How to complete this task: Write the listing out again word for word, leaving each picture behind.

----------

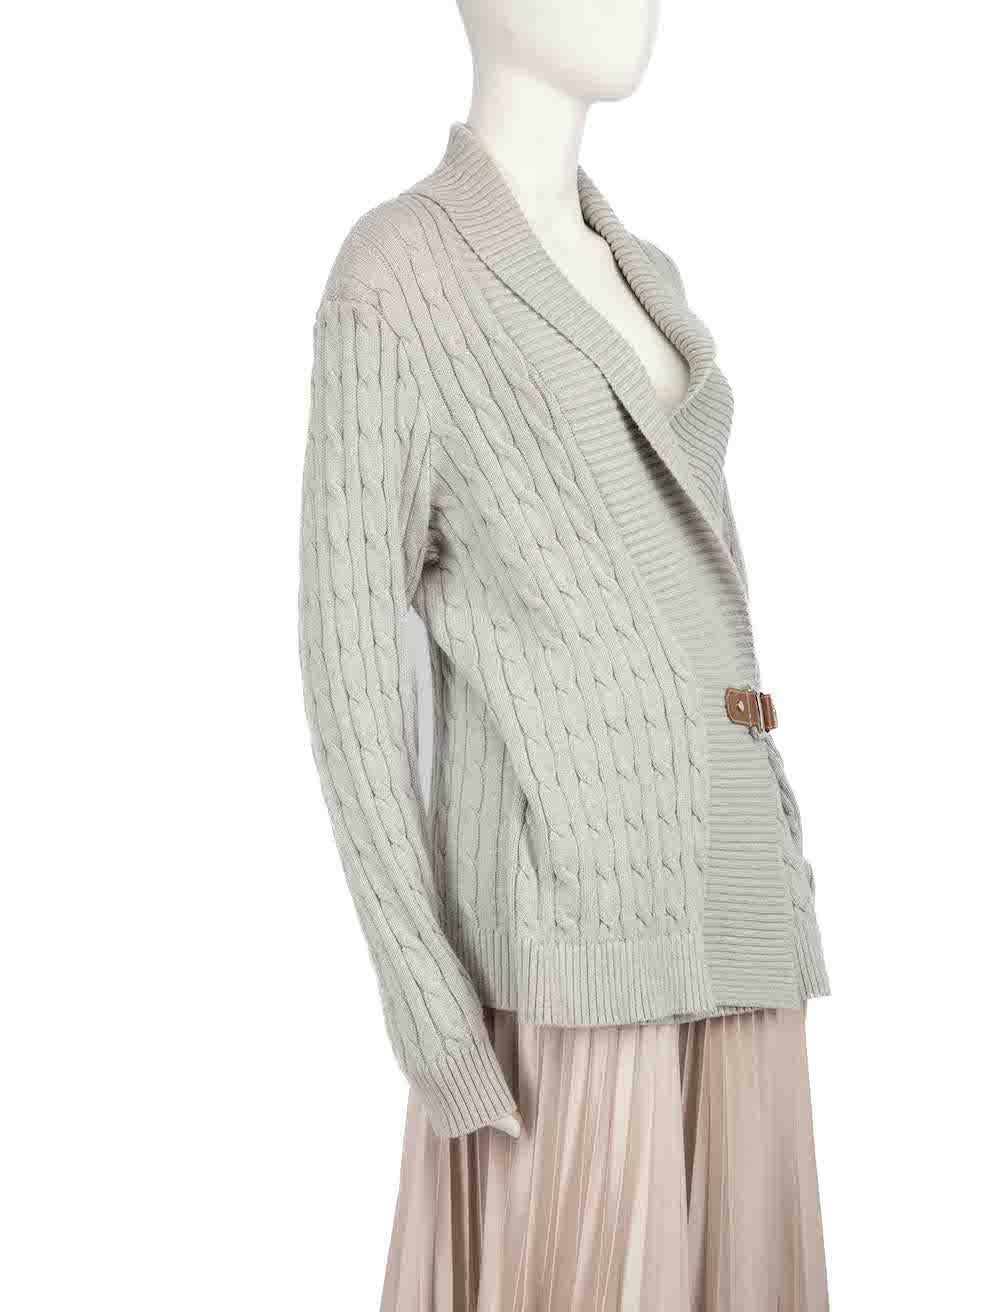 CONDITION is Very good. Minor wear to cardigan is evident. Some slight discolouration to the sleeve edges and some minor scratches to the metal hardware on this used Lauren by Ralph Lauren designer resale item.
 
 Details
 Grey
 Cotton
 Knit wrap

----------

Answer to this problem:
 CONDITION is Very good. Minor wear to cardigan is evident. Some slight discolouration to the sleeve edges and some minor scratches to the metal hardware on this used Lauren by Ralph Lauren designer resale item.
 
 Details
 Grey
 Cotton
 Knit wrap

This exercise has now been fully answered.